What the rabbit actually does
CodeRabbit installs as an app on GitHub, GitLab, Azure DevOps, or Bitbucket. When a pull request opens, it does what a thoughtful senior engineer would do if a thoughtful senior engineer had unlimited time and no caffeine ceiling.
It summarizes
Every PR gets a plain-English walkthrough of what changed and why it might matter. For long PRs it generates sequence diagrams. For migrations it traces dependency impact.
It comments line by line
Not just bugs. Naming, anti-patterns, missing tests, security smells, performance regressions, edge cases the author missed at 11pm on Thursday.
It learns
You can teach it your team's coding standards in plain English. It remembers them. Next PR, it applies them.
It runs everywhere
There's a CLI for the terminal, an IDE extension for VS Code and Cursor that catches issues before the PR is even opened, and a self-hosted enterprise tier for the kind of customers whose general counsel does not love SaaS.
From a GitHub app to a $550M valuation in 30-ish months
The CodeRabbit Timeline
Cumulative funding, in dollars the rabbit can count
CodeRabbit funding by round (USD millions)
Improve code quality. Cut the wait. Keep humans in the loop.
Gill is careful, in interviews, not to claim the rabbit replaces the reviewer. He says it removes the parts of review that nobody wanted to do anyway: the first pass, the formatting, the "did you forget a test" reminder. What's left is the part humans are good at - judgment, architecture, taste.

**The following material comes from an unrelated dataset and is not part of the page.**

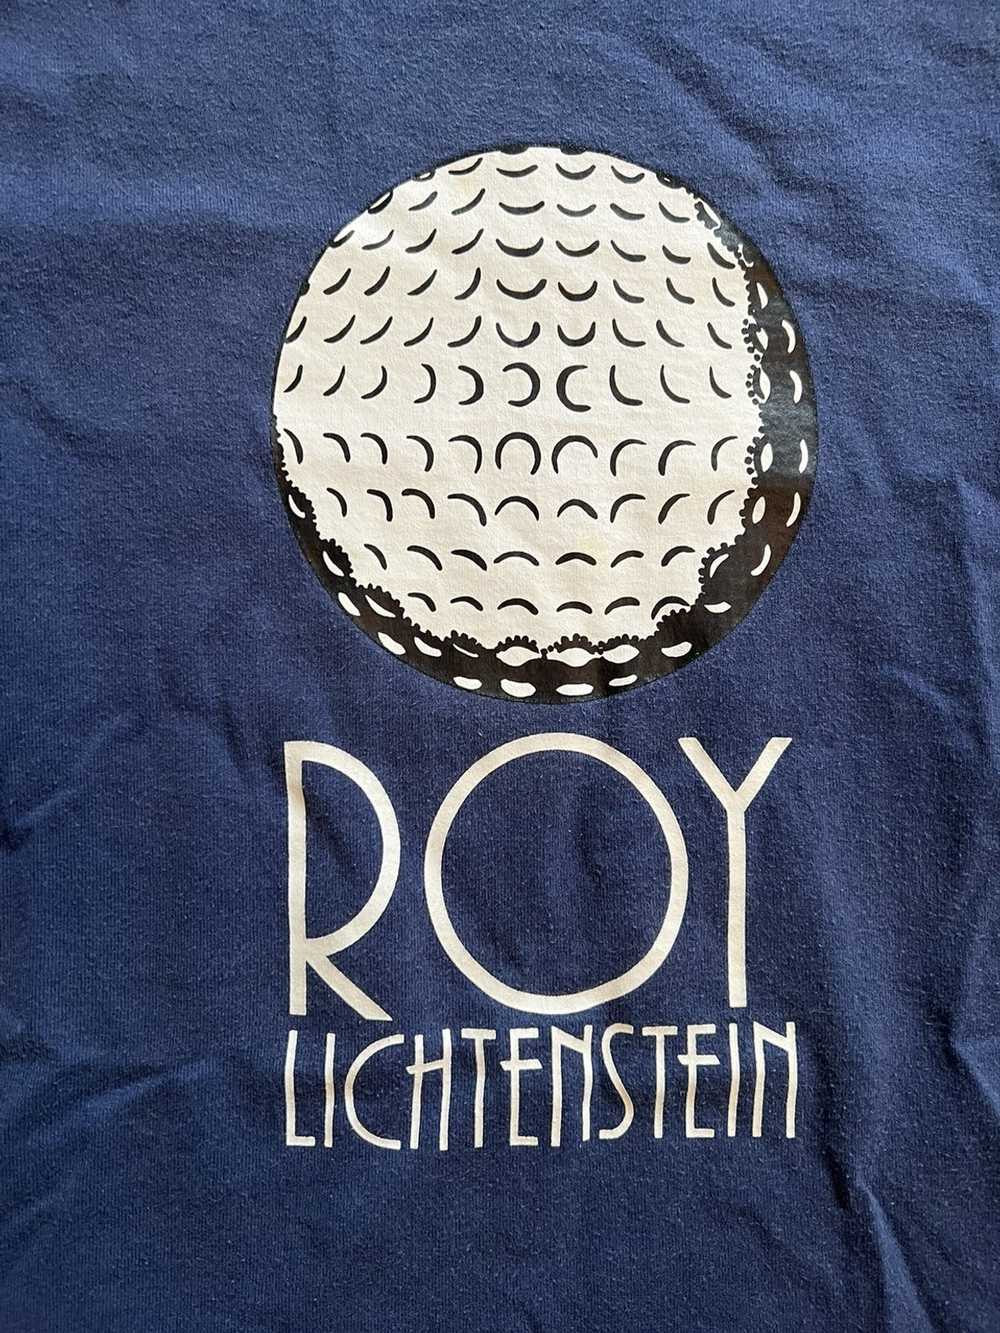 Vintage Roy Lichtenstein golf ball t shirt tee - image 2

The company also leans hard on the boring parts of being a vendor. SOC 2. GDPR. Ephemeral data storage. A self-hosted enterprise tier for banks and defense contractors. Most AI startups would rather not talk about compliance. CodeRabbit puts it on the landing page.
Why the rabbit matters next year, and the year after
If you believe the next five years of software will be written largely by AI agents - and the venture market clearly does - then the choke point is no longer typing. It's trusting. Every line a model writes has to be inspected by something before it ships, or the production incidents pile up faster than Friday afternoon postmortems can be written.
CodeRabbit is betting that the inspector will also, increasingly, be an AI. Not the same AI that wrote the code, because that defeats the purpose, but a different one, tuned for skepticism, with your team's standards loaded into its memory and a habit of asking awkward questions.
It is, in a sense, an AI hired to argue with another AI. Which is funny, until you remember that's roughly what code review already was.
It's 9:47am at a startup you've heard of. The pull request is already merged.
The junior engineer who opened it never had to wait for a senior to wake up in another time zone. The senior who eventually approved it spent four minutes on the review instead of forty. The bug the rabbit caught at line 322 never reached production, which is to say no one will ever write a blog post about it, which is to say the system worked exactly as designed.
Somewhere in San Francisco, the rabbit is reading the next one.